I know it’s a digital world, of course, but Amtrak’s website could be better and more helpful.
As the guy in Ravenna, O. said, “That’s a hell of a way to run a railroad.”
The airlines discontinued printed timetables (such as they were) quite a few years ago. Outside of urban and suburban transit services, printed timetables are a thing of the past.
I assumed that you have used Amtrak.com. Schedules is the fourth tab from the left at the top of the page. Click on it. Then click on Get downloadable schedules for all routes. Then click on a long-distance route, i.e., Lake Shore Limited, Texas Eagle, etc.
The only state supported train schedule that appears to be online is the Pacific Surfliner.
Something I recall Amtrak’s misdesigned IxD doing the last time I looked at it was being ‘trip-centric’ – it assumed you wanted to go ‘somewhere’ from ‘where you were’ and gave you only the UI to put that in for their computers. There was no ordered list of stops in order on a route - just a list of Amtrak cities you could go.
Now of course if your corporate concern is ‘transportation’ of passengers this is OK. It would be easier for most non-railfans to use to get ‘transportation’ accomplished. But by the same token, putting up a page with system and corridor maps, and a timetable showing all the stops in order with times for those who care to peruse the overall information that way, represents very little cost to produce, to keep updated, to host, or to serve… even at a kiosk intended to facilitate purchase of transportation.
Whennthe paper system timetable was ‘deprecated’ one of the arguments was that anyone who wanted a printed reference could run one off on a suitable printer – B&W, color, or photo resolution, on paper of choice – and that was the meat of the Amtrak production saving. Now the argument goes into not bothering with the systemwide resources at all.
Frankly, considering the percentage of wasted non-transportation expense Amtrak shows in recent years, the cost to desktop-publish a system timetable on the Web is trivial, and keeping it updated and any special information or offers current scarcely more. Canning one lawyer’s assistant’s paralegal intern would probably do for the entire budget… [:-,]
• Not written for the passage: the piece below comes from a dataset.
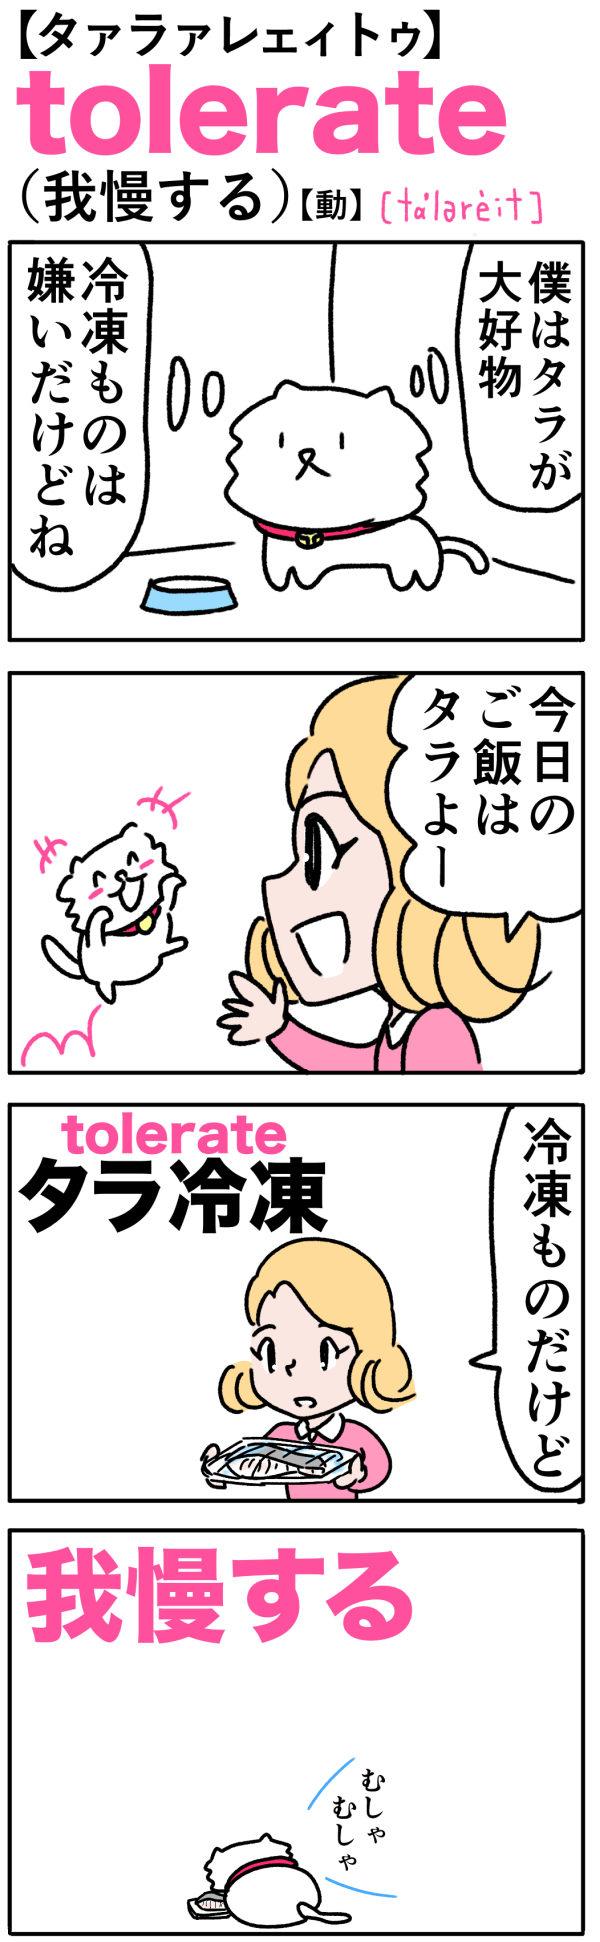 tolerate(我慢する)の語呂合わせ英単語

According to the Pew Research Center, approximately 85% of American households have a smart phone. That leaves a relatively small percentage of the population that needs or wants printed schedules
I would never think of going to a printed timetable for schedule information. Some bus lines still print timetables but they are outdated almost a soon as they are printed. Plus, going online may give you information that you wouldn’t get from a printed timetable ie, “on the dates specified the Crescent is bustituted from Atlanta to New Orleans”. So, the roomette trip you planned with meals in the diner is now no longer and replaced by a bus seat and a stop at a local McD.'s. FWIW, I have never had a problem pulling up individual timetables and printing them off. I don’t know what the problem is with railfans.
Apparently there’s a misunderstanding…this railfan does not want a printed paper schedule, nor does he plan any trips without using his computer for everything. Ever. Full stop.
My point was simply this: an at-a-glance timetable should be available on the website for all Amtrak trains. As JPS1 pointed out, they are. As Dr. hebdo pointed out, not for the trains that aren’t operating.
Detailed schedules are available for viewing and downloading for the long-distance trains and the Pacific Surfliners. Only high-level information is available for the state supported trains and the NEC.
The Heartland Flyer, which gets a substantial amount of traffic for or off of the Texas Eagle, is running five days a week. But the Eagle is on a three day a week schedule. The Heartland Flyer is a state supported train. No detailed schedule is available for the Flyer, but a detailed schedule is available for the Eagle.
The prior verison of the Texas Eagle schedule had the schedule for the Heartland Flyer embedded in it. The current three day a week schedule does not have a schedule for the Flyer, although it shows the connecting route on the accompanying map.